Indices in Graylog

Hello there,
Perhaps a simple question - When an index is deleted via normal rotation, what happens to the syslog’s data that index holds. We need to keep the syslog data for 7 years and I am not sure at this point that how much data would be going to that index. I can keep the index for 1 year at the moment but not sure what to do with the index after an year. If I select delete Index, I am worried log data would be deleted?

Any suggestion how do I setup indices?

Thanks

Hello,

If your Index Retention Configuration is set to delete then when your Max number of indices has been reached then those log are gone. BUT if you set your retention strategy to close then you will have those logs.

You can find more here.
https://docs.graylog.org/en/2.1/pages/index_model.html

I must say thats a long time.
NOTE: Enterprise version are able to archive logs.
https://docs.graylog.org/en/4.1/pages/archiving.html#archiving

hope that helps

1 Like

Oh man, y’all are gonna get me on a soapbox about index settings :grimacing:. What would prevent you from using archiving? I realize that’s an enterprise feature, but if you need to keep data around for 7 years, you’re going to want archiving @Raynu .

Let me also ask a different question: how far back are you asking questions about your data? Are you actually needing to search a whole 7 years? If you just need to retain the data, then seriously, archiving is going to be the solution to this problem. If you don’t need to search 7 year old data all day, every day, then get those indices off into some long-term cold storage so you can access them at a later date, should that occasion arise.

I’m going to walk through what’s going to happen under the hood if you’re not archiving.

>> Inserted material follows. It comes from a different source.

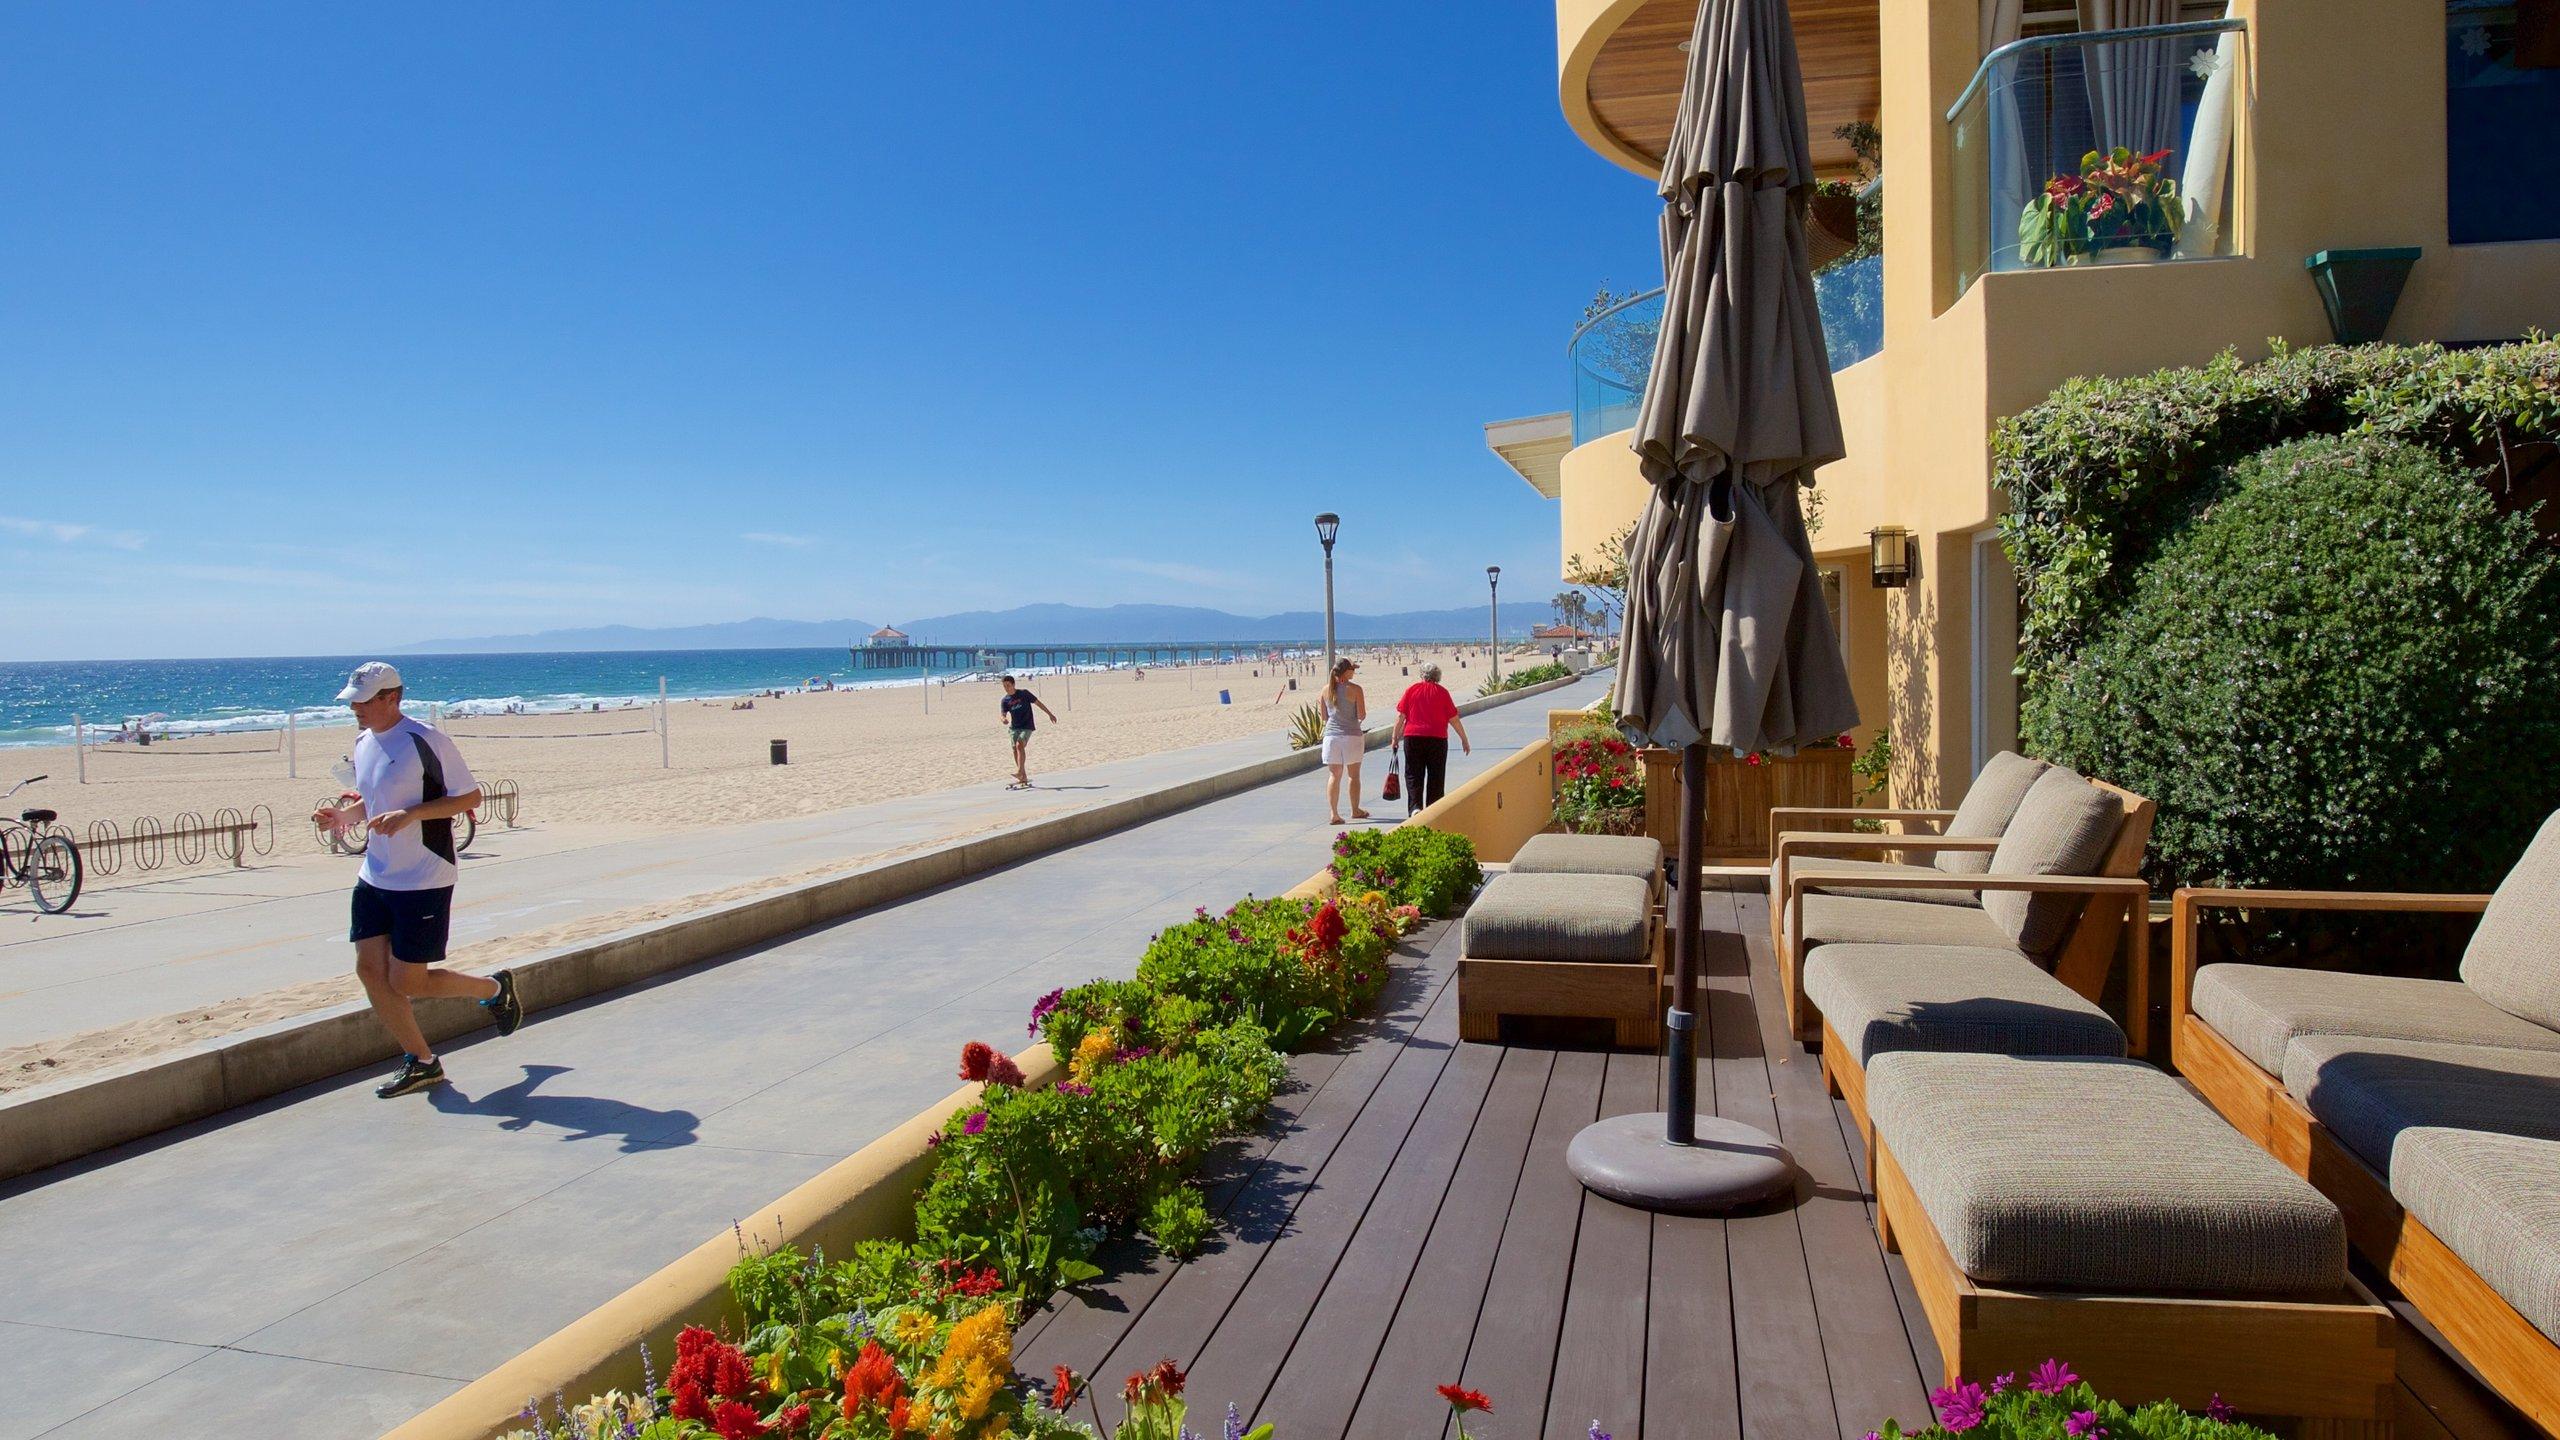 Manhattan Beach, California, United States of America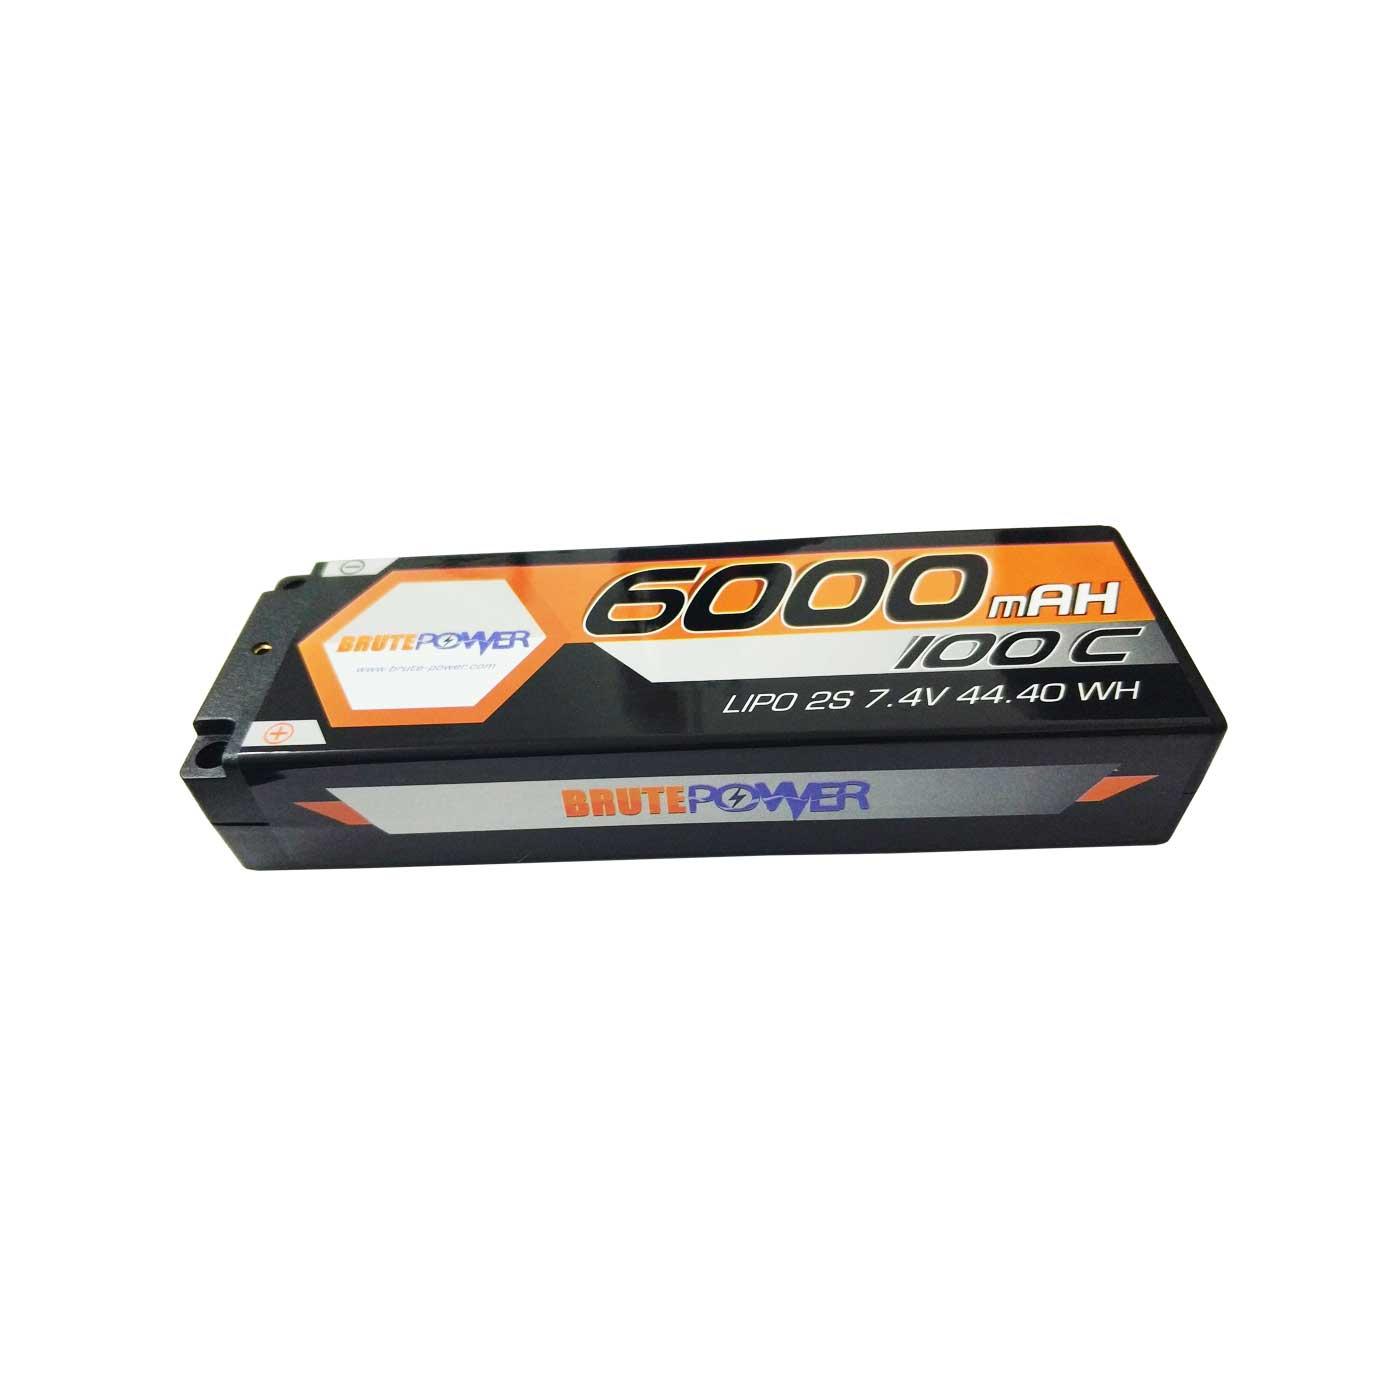 Batería LIPO Brutepower 2S 6000mah 100C

Let’s say that you do a 1 day rotation and keep all of those indices open and not closed or deleted and let’s say, for :poop: and :laughing: that you take the default 4 shards in your index. At 365 days * 7 years, that’s a total of 2555 indices. With the 4 shard default, that’s 10220 shards, which would actually put you above Elasticsearch’s hard 10k shard limit…just for that index set. This would leave NO resources available for other indices to rotate out.

Putting that aside for a moment, let’s just assume that you do hit 10k shards. If you subscribe to the 20:1 shard:gb of cluster heap recommendations from Elasticsearch, then that would require you to have 500GB of heap across your entire cluster to effectively support all the index operations for that index set. Now, this doesn’t even take into consideration how much data lives in the index set.

If that index set happens to get a lot of data, then you could easily end up in a situation where you have to provision more shards than 4 to keep the shard size under the recommended 40GB size. If that ends up being the case, then you could end up hitting the 10k shards quicker than your planned 7 years, which again, will effectively cause your cluster to cease functioning, as your shards will continue to grow in size once the 10k limit is reached, which will slow down, and eventually stop your ability to search the data.

So, with that hypothetical scenario in mind, I’ll restate my questions:

  1. Do you actually need to keep 7 years of data around in Elasticsearch?
  2. What would prevent you from using enterprise so that you can archive that data and send it off into cold storage?
2 Likes

Thanks for recommendation. I have created indexes with 1 yr retention with an option to close them out instead of delete. Will observe in a couple of weeks to see the data growth pattern before I make further decisions.

1 Like

Thanks AAron,

I will check with the management that how we want to see the 7 years data and will get back to you.

You can however if you want to do the extra job to manually archive old data (it can be scripted i guess), i do so but i spend an hour to do it once in a month and for me it is worth it. But in 7 years much can happen so it might not be readable för some reson.

1 Like

I think, if possible, having a better idea of exactly what data is required to be retained would help. If you are not doing so already, you can leverage pipelines, streams and other indices to move just the required data around into an archive that you retain. might reduce the size overall.

1 Like

Thanks all, I will check with IT team for manual data archiving process. It is a new setup will see how data grows in few months time.

1 Like

This topic was automatically closed 14 days after the last reply. New replies are no longer allowed.